Grand County second worst in state for child health insurance coverage

Utah nonprofit says change to state law could make big difference

Photo by Michal Jarmoluk/Pixabay

A recent report from nonprofit Voices for Utah Children shows how well Grand County’s youth are doing in educational, health and economic terms compared to the rest of the state and country. Among the starkest findings: The county has the second worst insurance rate for children in the state.

Voices for Utah Children, a statewide nonprofit that compiles statistics on measures of wellbeing among Utah’s children, released its 2019 report on how the state’s and county’s youth line up in terms of health, education and economics in October.

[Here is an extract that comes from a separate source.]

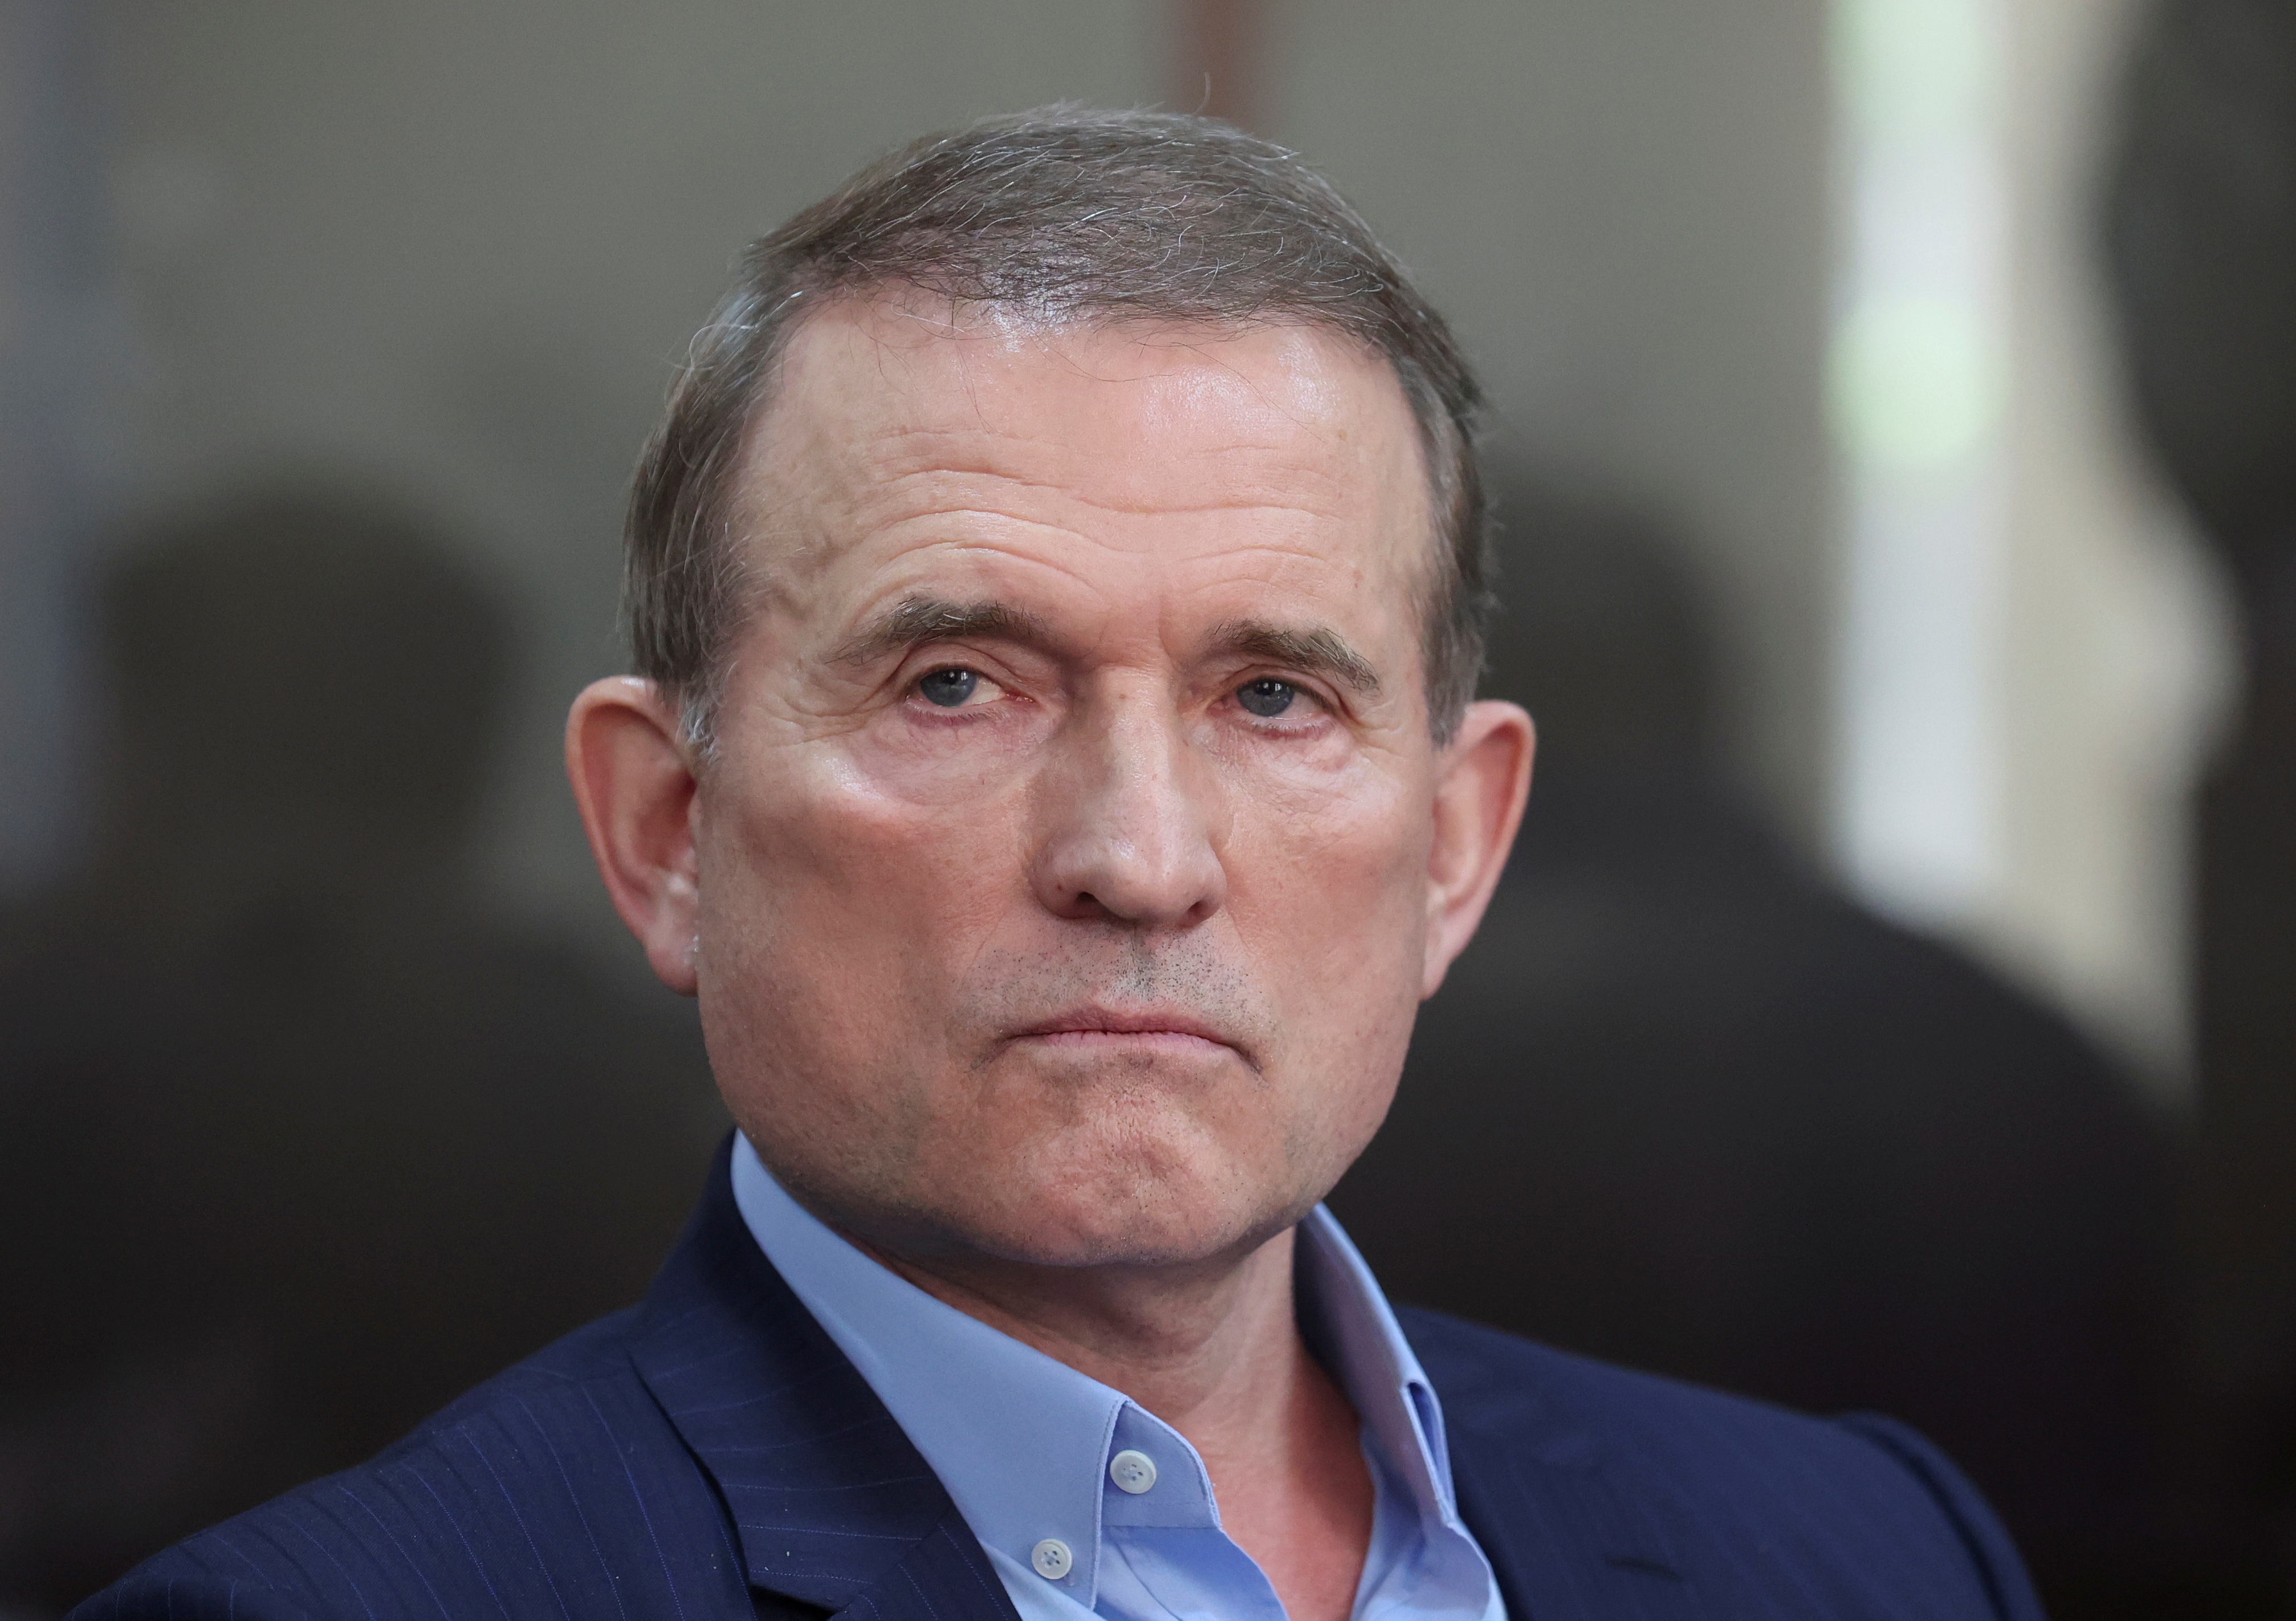 Viktor Medvedchuk, leader of Opposition Platform - For Life political party, attends a court hearing in Kyiv

The report is sourced from various databases; key among them are federal sources such as the U.S. Census Bureau and the National Center for Health Statistics and state sources, such as the Utah Department of Human Services and Utah Board of Education.

Moe Hickey, the CEO of Voices for Utah Children, recently spoke with The Times-Independent about the report and some of its key findings. Among his top concerns were the lack of insurance for Grand County’s children and what he called the “slow erosion” of Utah’s educational system. More on this will be available in next week’s edition of The Times-Independent.

Children without health insurance

For years, children in Utah have been among the least insured in the country. Two years ago, 5 percent of the country’s youth lacked health insurance while 7 percent of Utah children lacked health insurance. The picture for Grand County is even worse, with 20.4 percent of children — more than one in five — lacking health insurance in recent years.

The effects of a child lacking health insurance can vary. Uninsured individuals — and even some people with insurance — can go bankrupt over high medical costs when an emergency happens. At a societal level, high rates of uninsured children can mean higher health care premiums for everyone.

When a child without health insurance requires care, they may be taken to an emergency room instead of a family doctor because of caretakers’ lack of means to cover the healthcare cost. This means the care goes uncompensated, and health insurance premiums may go up as a result to make up the difference.

In Grand County, the explanation for high rates of uninsured children can vary, with high rates of child poverty playing a likely role. Roughly one in six children in Moab live in poverty; the rate statewide, meanwhile, is one in 10.

Poverty, however, does not fully explain the health coverage gap for Grand County’s children. San Juan County, for example, has the highest rate of child poverty in the state but better health coverage for its children than Grand County with 14.4 percent uninsured in recent years.

According to Hickey, one explanation may be Utah’s lack of a continuous coverage provision for children on Medicaid and Moab families living close to the income threshold for Medicaid coverage.

Continuous coverage provisions mean that a child is guaranteed health coverage for a year after they qualify for the coverage. Utah, however, has a month-to-month system.

“If I worked overtime this month — so my average [income] went above the Medicaid average — you lose insurance next month,” Hickey said, acting the role of a low-income parent with a child on Medicaid. “Aside from the humane aspects of it — which I could go on about — the purely practical and efficiency parts of it just aren’t logical.”

Hickey said that he would be lobbying Utah lawmakers for a change to the continuous coverage provision and that Voices for Utah Children was “getting a good hearing” from Utah lawmakers, but ongoing lawsuits may prevent any change to the rules during the next legislative session.